Но мы чувствовали, что разделяем с ними и вину, и огромное разочарование; даже сдержанная сила Энтони, этого тихого советчика, и молитвы, произнесенные нами у его очага, не могли растопить лед наших сердец.
– Что это за Бог, если он позволяет такое? – спросила я молодого отшельника.
– Бог, требующий веры, – ответил он мне, – отдавший Своего единственного сына на распятие, чтобы человечество могло спастись.
– Ага, а мы с тех пор и ни хрена-то не усвоили, ничегошеньки, ведь так? – сказала Сьюзи Келли с горьким смешком. – Мы с Мегги добрые католички, брат, но такая ужасть, как эта, сильно подмывает нашу веру.
– Вот теперь начнется ваша подлинная работа с язычниками, – сказал отец Антоний. – Этим невинным душам мы должны нести слово божье.
Сейчас уже почти рассвело… некоторые женщины вернулись в свои вигвамы, другие мирно сопят со своими детьми здесь, в вигваме Антония. У меня сна ни в одном глазу, так что я сижу здесь же у огня и веду хронику этих скорбных событий. Теперь и я жду прибытия армии с надеждой, чтобы они забрали нас с собой в цивилизованный мир…

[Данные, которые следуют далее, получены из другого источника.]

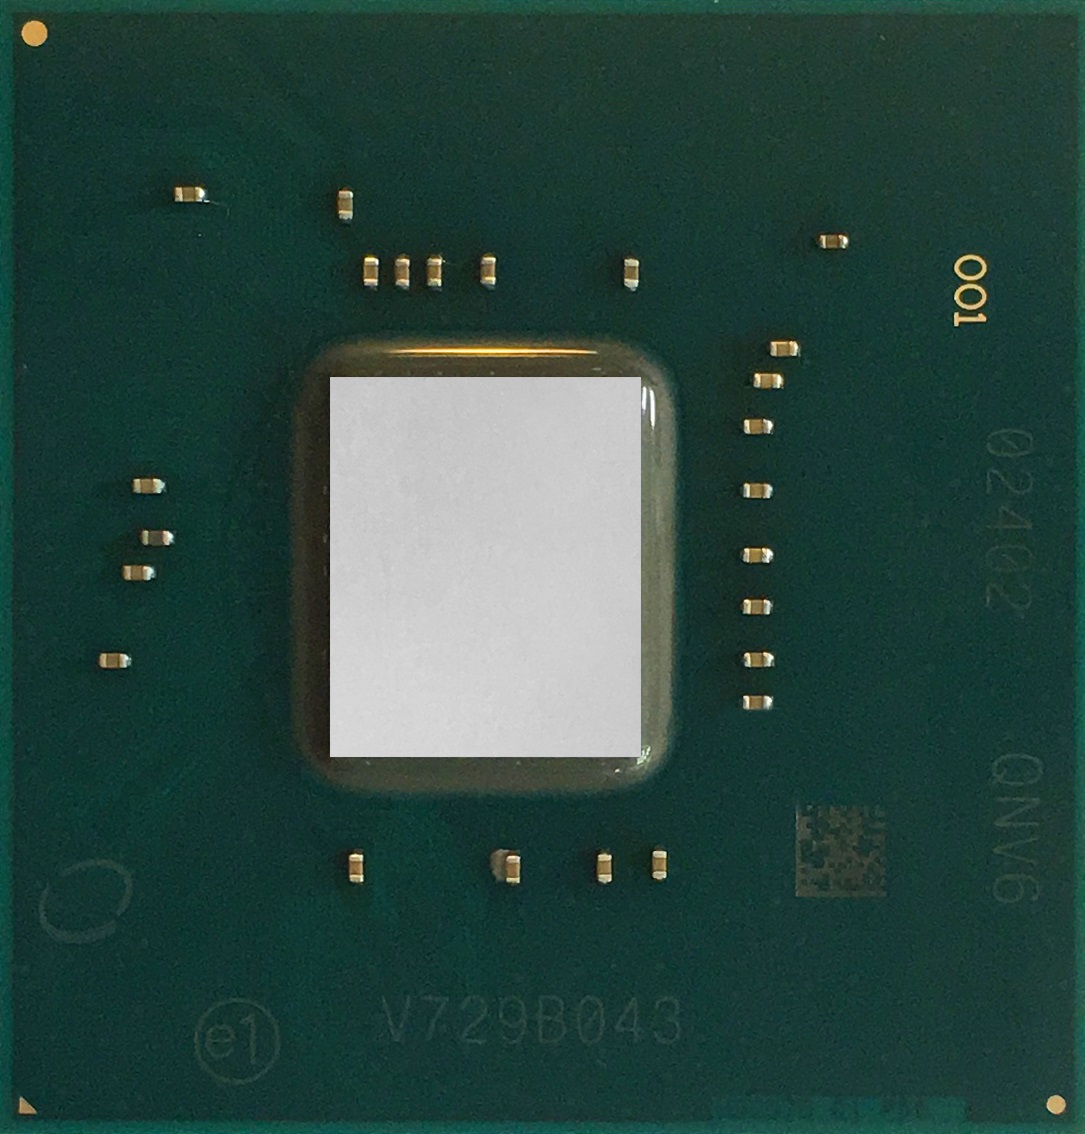 Immagine pubblicata in relazione al seguente contenuto: Intel lancia i processori Xeon E-2100 per workstation entry-level potenti | Nome immagine: news28448_Intel-Xeon-E-2100_2.jpg
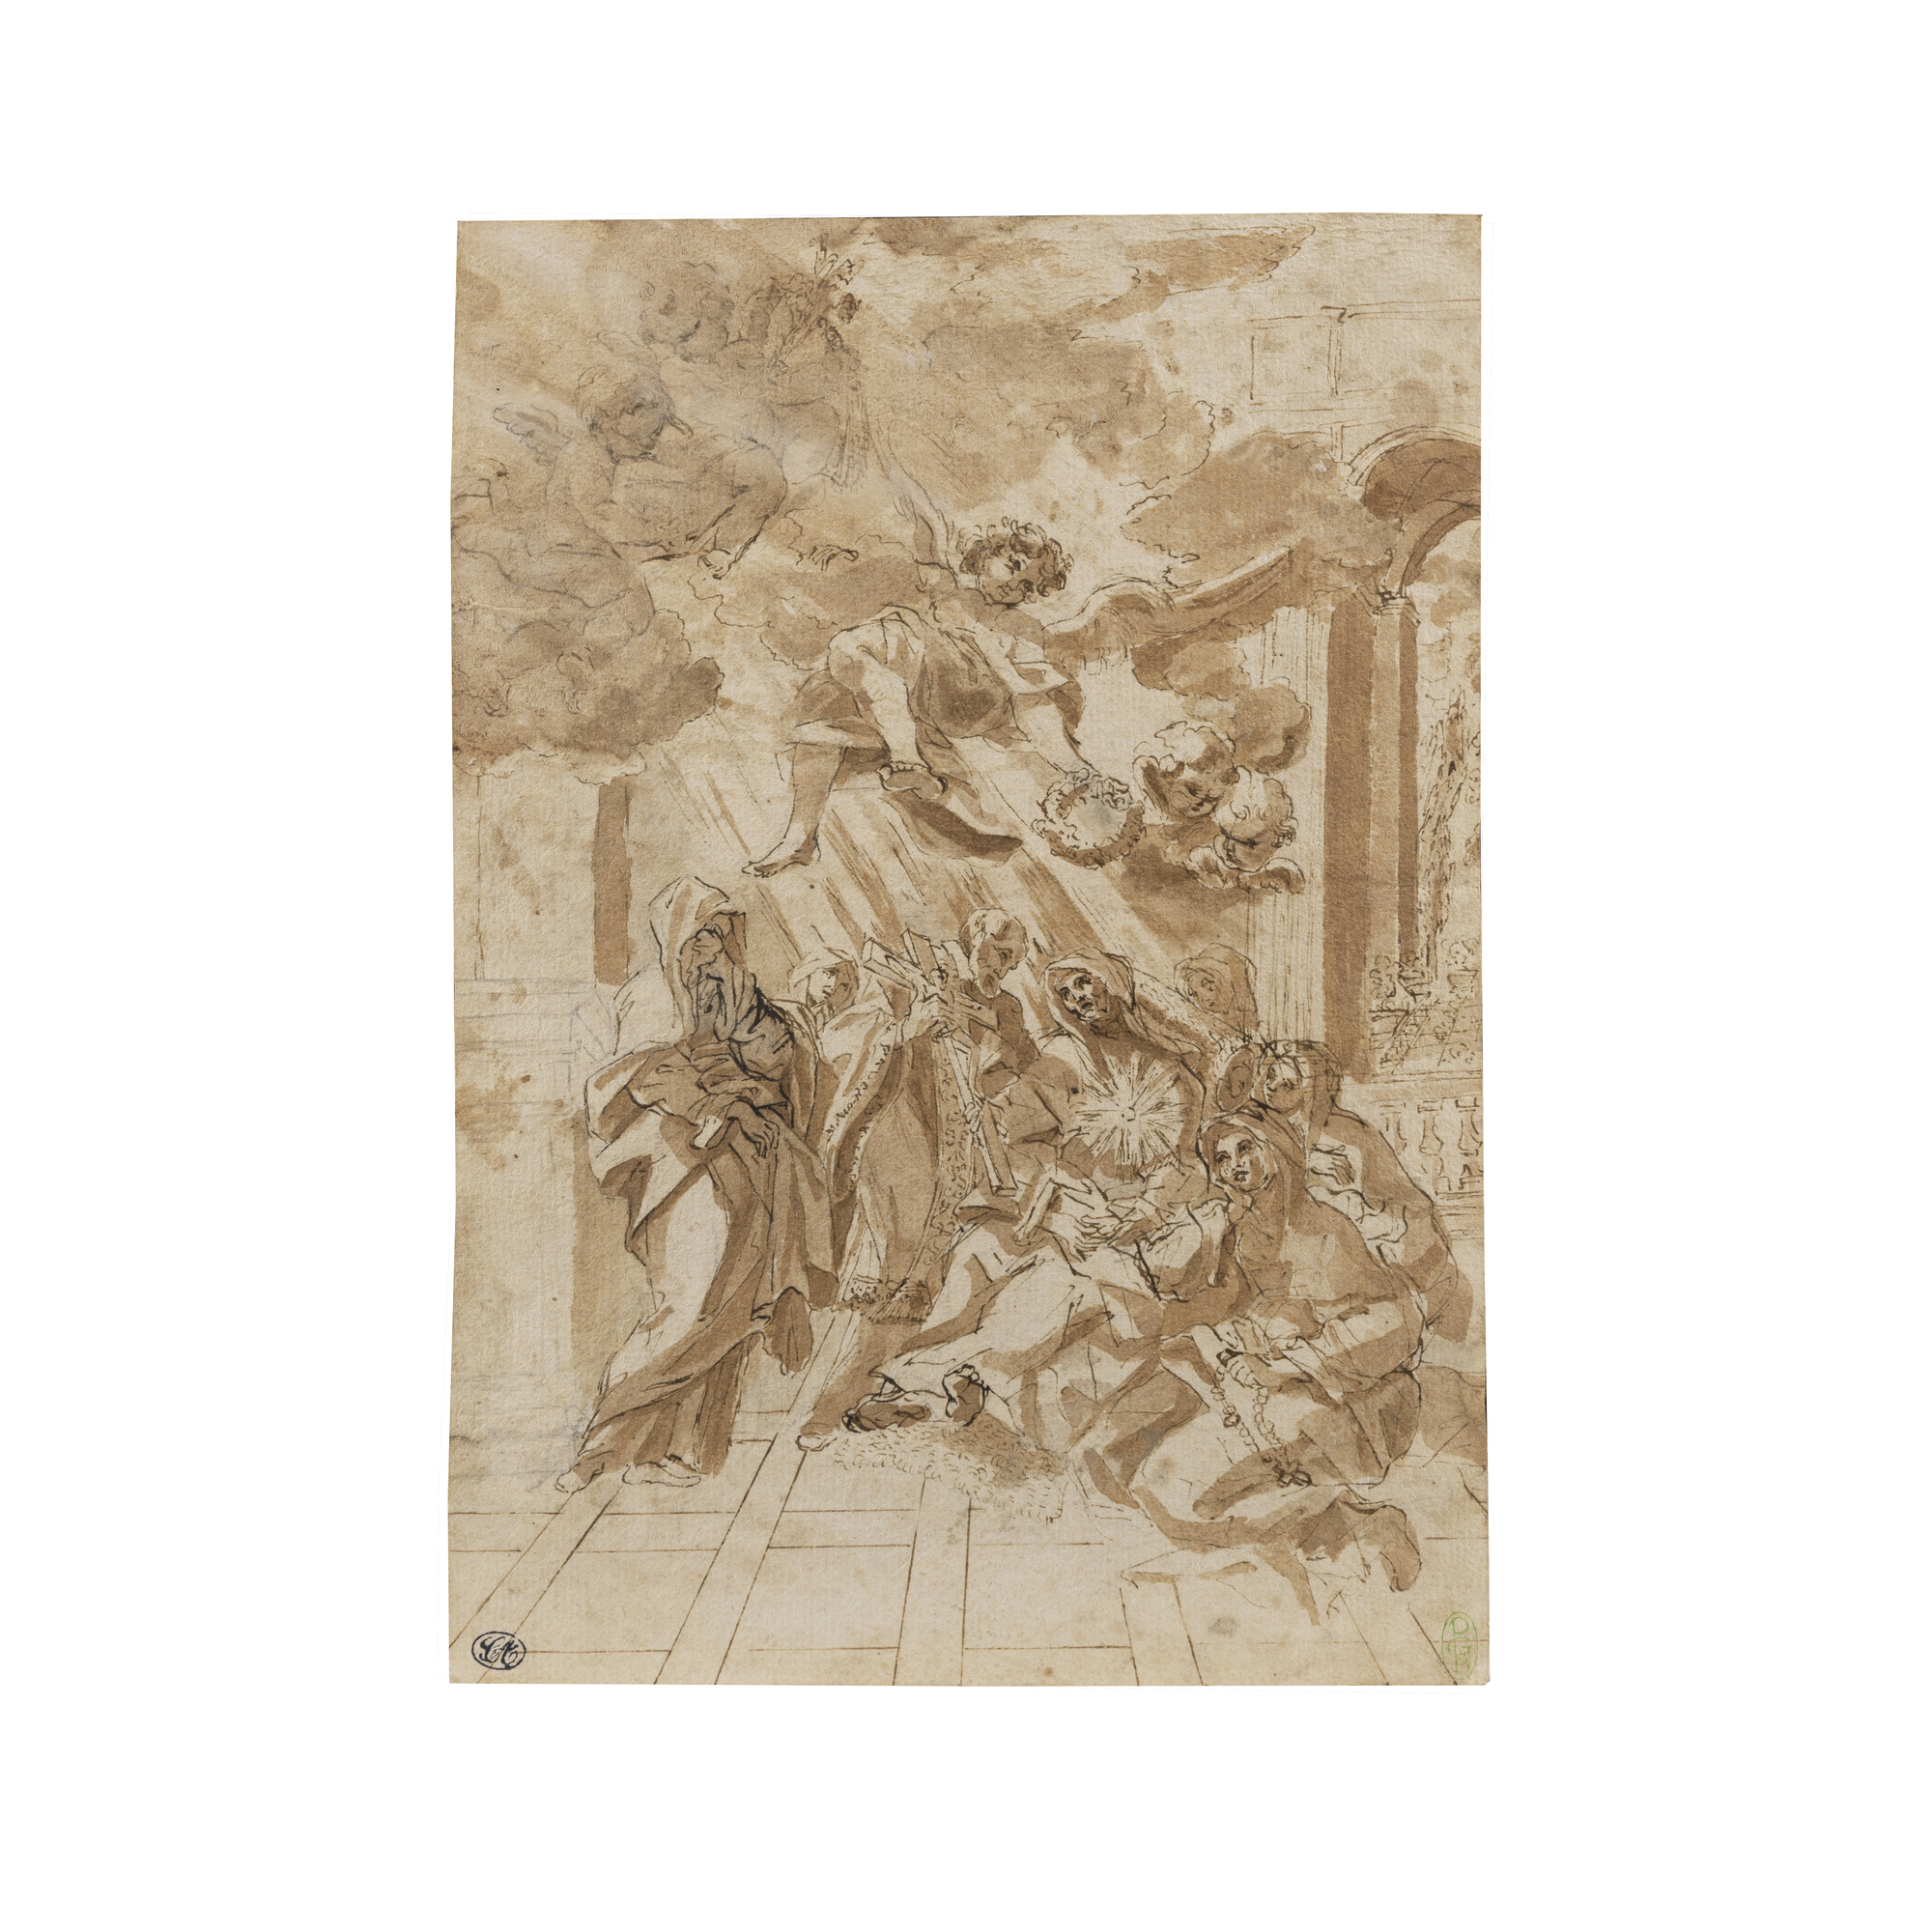 Raffaello Vanni (Siena 1587 - 1657) attribuito

До меня все еще доносится барабанный бой и звуки танца, индейцы танцуют всю ночь… ночь, которую никто из нас никогда не забудет. Сейчас я возвращаюсь в свой вигвам…
1 марта 1876 года
Да, теперь действительно все кончено, все теперь в прошлом – с первыми лучами рассвета явились солдаты, словно карающая длань Господня, чтобы поразить нас… Меня ранили из ружья, и боюсь, что умру; деревня сожжена, ее жители скрылись нагими в холмах, чтобы прятаться среди скал, точно звери. Я не знаю, что случилось с большинством моих знакомых, кто-то жив, другие мертвы, а я нашла убежище в расщелине вместе с Пером-на-Макушке, Тихоней и Мартой. Мы жмемся друг к другу с нашими детьми, а внизу догорает деревня, громадный погребальный костер, в который солдаты свалили все наше хозяйство, все, что мы имели, все, чем мы владели – шкуры, меха и покрывала, еду и кухонные принадлежности, седла и оружие – и поверх всего скарба навалены тела убитых, а солдаты ходят с факелами и поджигают вигвамы, которые вспыхивают точно деревья в лесном пожаре, оружие и бочонки пороха взрываются как фейерверки… Да, все, что у нас было. Все пропало. Сбылось пророчество Идущей-Против-Ветра… Человечество обезумело, все мы – дикари… Или это наказание за шошонских детей? Не знаю, где сейчас отец Антоний, чтобы спросить его. Я должна спросить Антония… Он должен знать…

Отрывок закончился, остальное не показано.